Six-Shades-of-Red Soup, Linguine with Purple Cabbage + Shredded Brussels Sprouts with Apples and Pecans

Six Shades of Red SoupI’m loving cooking by color from our February VegCookbook, Color Me Vegan, and am fascinated by how my color “cravings” change each week.  My favorite recipe of the week was the Six-Shades-of-Red Soup.

This beautiful soup is dee-lish-us. The only adjustments I made to the recipe were to use 1/4 teaspoon (rather than a 1/2 teaspoon) of red pepper flakes, and I blended it all with my immersion blender (the recipe suggested only pureeing half the soup).  Including red lentils in the soup made it more filling than most puréed vegetable soups, which was great!

I also made the Shredded Brussels Sprouts with Apples and Pecans (pictured above). I liked them, but I wasn’t blown away by them. I think my expectations were too high since it seems like it’s everyone’s favorite recipe so far. I added the optional lemon juice at the end, which made everything a little too sour. If I make it again, I won’t add the lemon.

My final recipe of the week was the Linguine with Purple Cabbage, which was surprisingly good.

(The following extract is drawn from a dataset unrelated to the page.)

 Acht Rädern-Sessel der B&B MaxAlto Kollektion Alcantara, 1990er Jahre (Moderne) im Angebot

I say surprisingly because I really didn’t expect sautéed cabbage to be good with pasta, but it, along with the sautéed red onions, gave the dish a wonderful sweet flavor, I also ground walnuts in my blender, and sprinkled them on the top, which provided a yummy contrasting texture and flavor.

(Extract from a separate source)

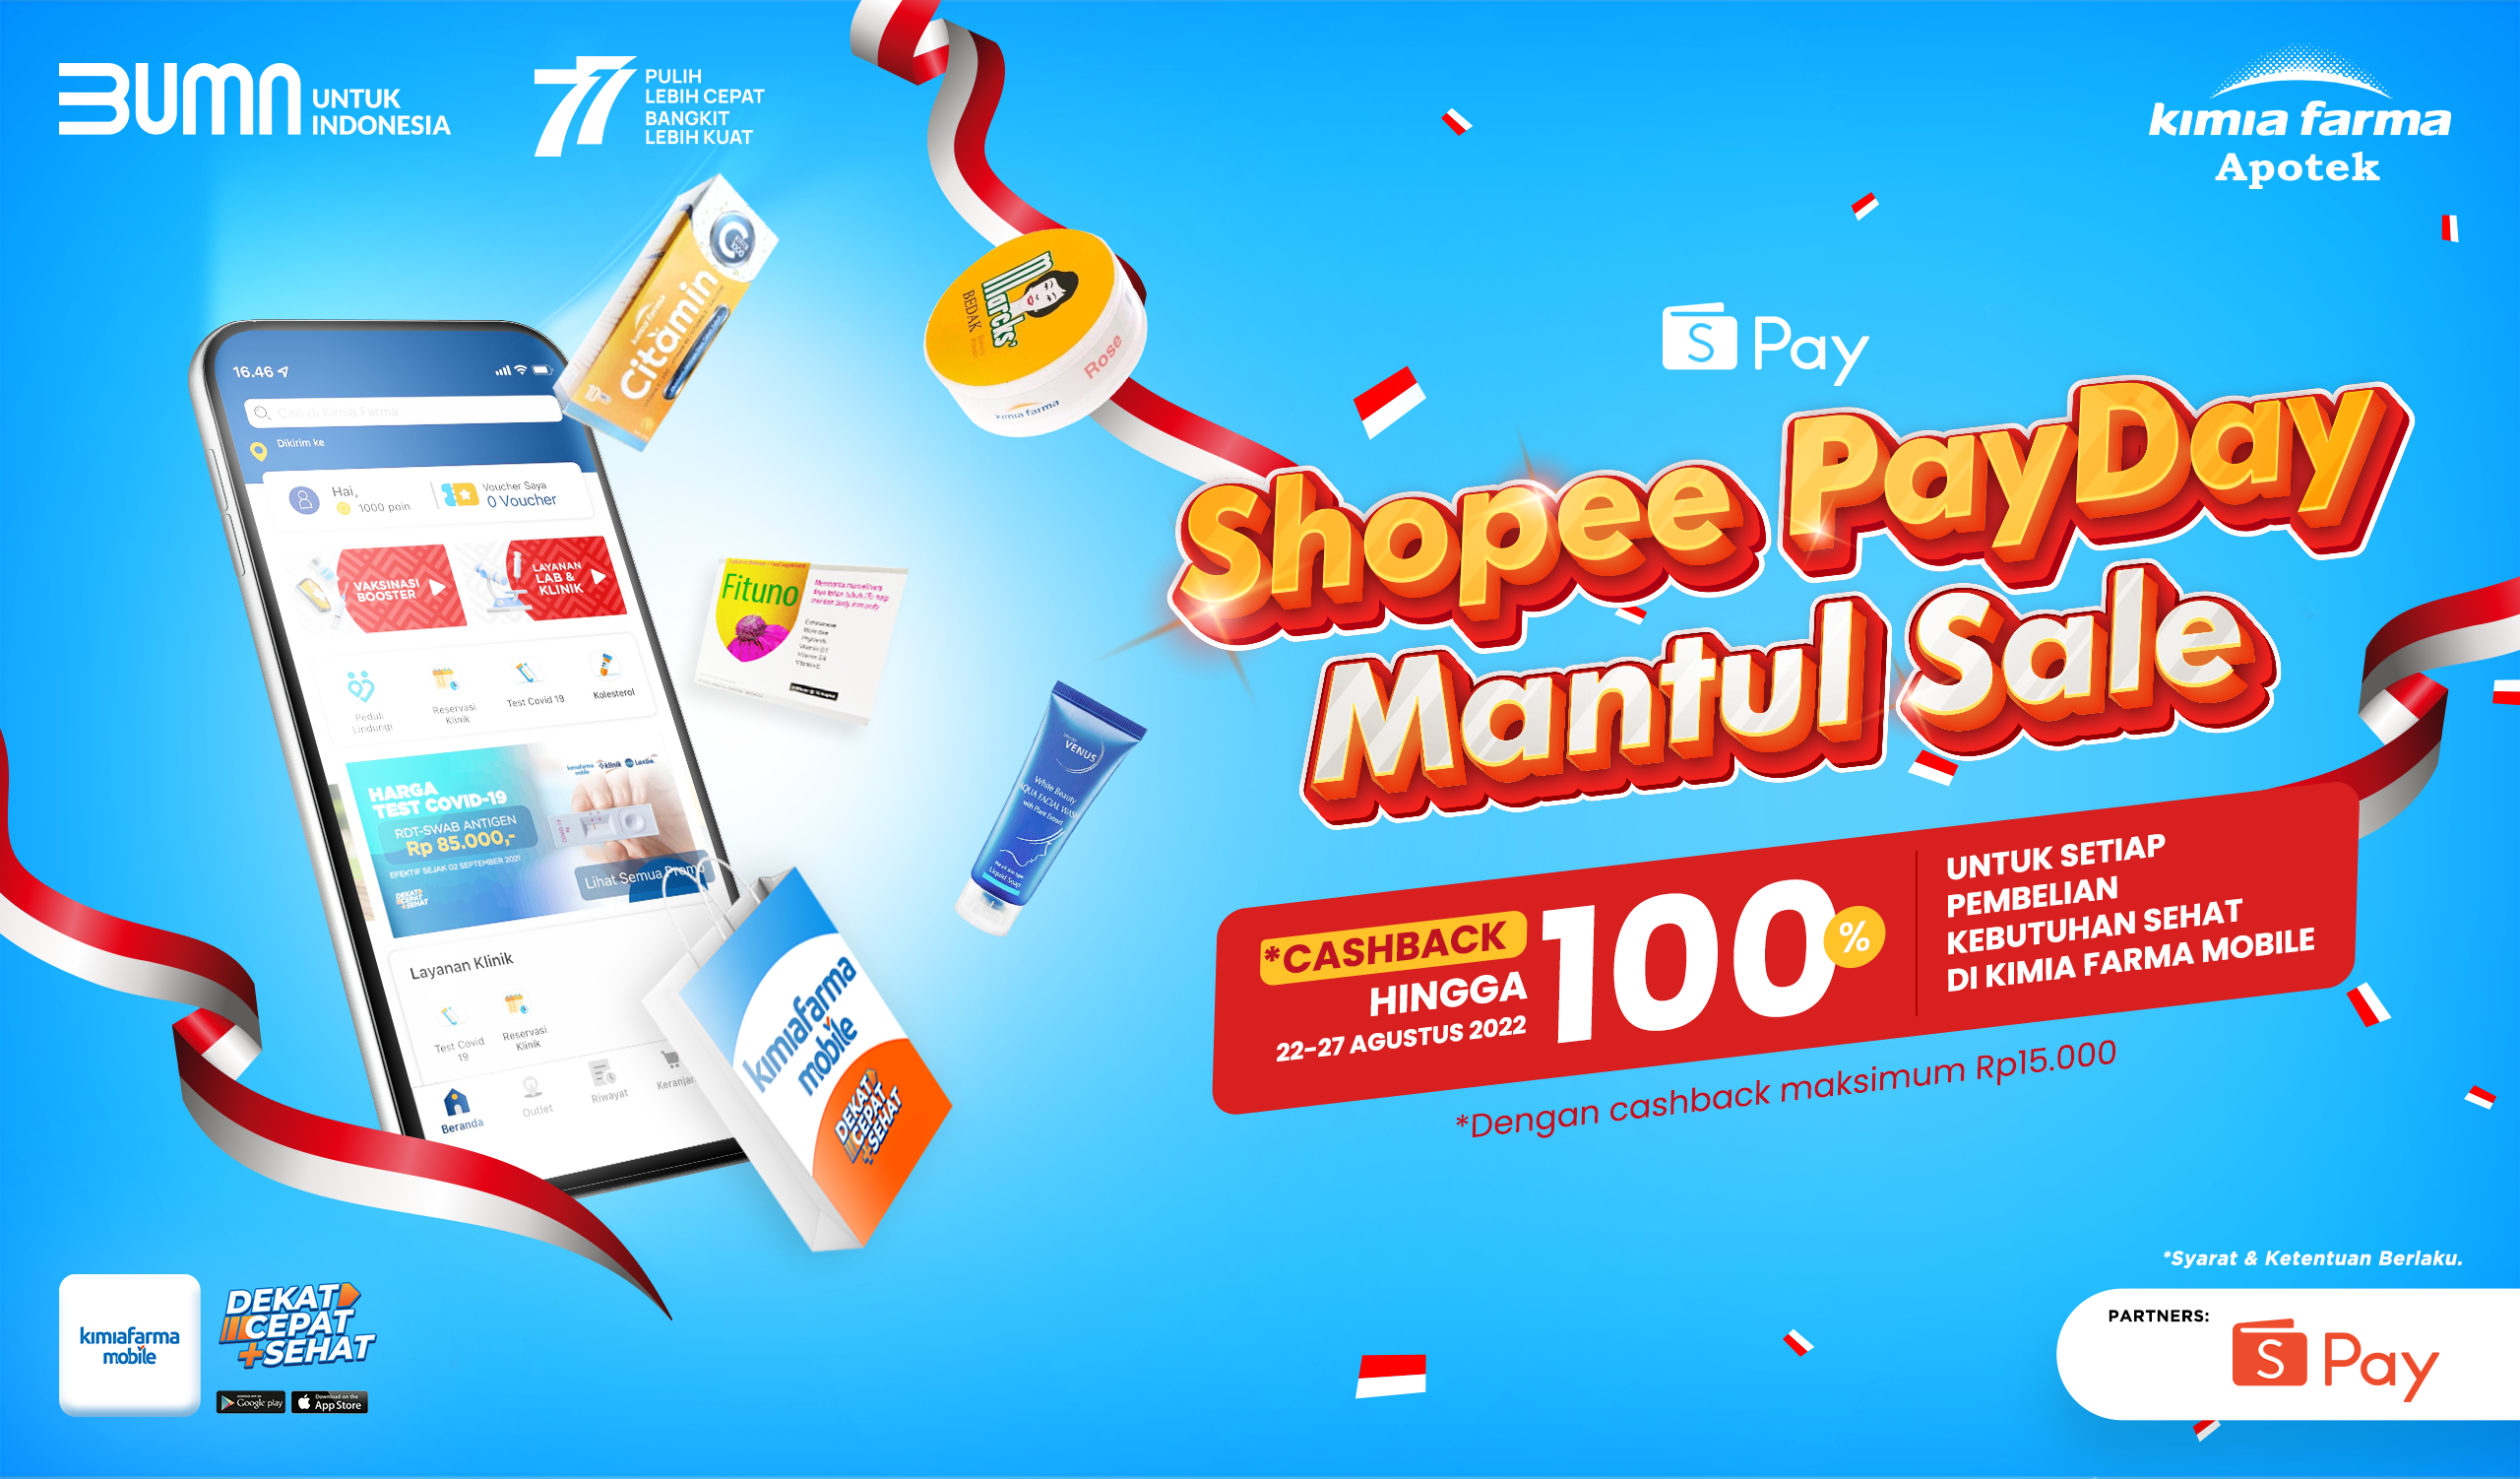 Shopee PayDay Mantul Sale

I actually started out with toasted pine nuts, as the recipe suggests, but while I was blending them, I heard a terrible sound. My first thought was, “Those are some hard pine nuts,” but after it went on for a while I opened the blender to find that a very small pottery figure had fallen off my knick knack shelf and into the blender 😦  Bye, bye little pottery figurine from trip-of-a-lifetime to Peru, and bye, bye pine nuts.

VegCookBook Club Story Swap

Kelley of Eatin’ Vegan in Smalltown USA made Blueberry Buckle, Quick Curried Swiss Chard, and Coconut Rice.

Elisa of Veggie Goes Vegan made Cajun Red Beans and Rice, Peanut Pumpkin Soup, and Shredded Brussels Sprouts with Apples, Nuts, and Baked Tofu.

What did you VegCook this week?

3 responses to “Six-Shades-of-Red Soup, Linguine with Purple Cabbage + Shredded Brussels Sprouts with Apples and Pecans

  1. I made Hot Tamale Pie-pg 92; Yellow Split Pea Soup with Collard Greens & Yams-pg 84 and Blackberry Breakfast Bars-pg 156. I bought brussels sprouts but I’m debating on whether to use them in the shredded br recipe. Sounds like alot of mixed reviews; I would hate to waste my precious brussels sprouts for a yucky recipe! LOL 🙂

  2. That soup is so red! I still haven’t scored a copy of the cookbook but I tried two recipes from it that I found online. The minestrone ( and cherry chocolate cookies ( Looking forward to getting the actual cookbook from the library soon.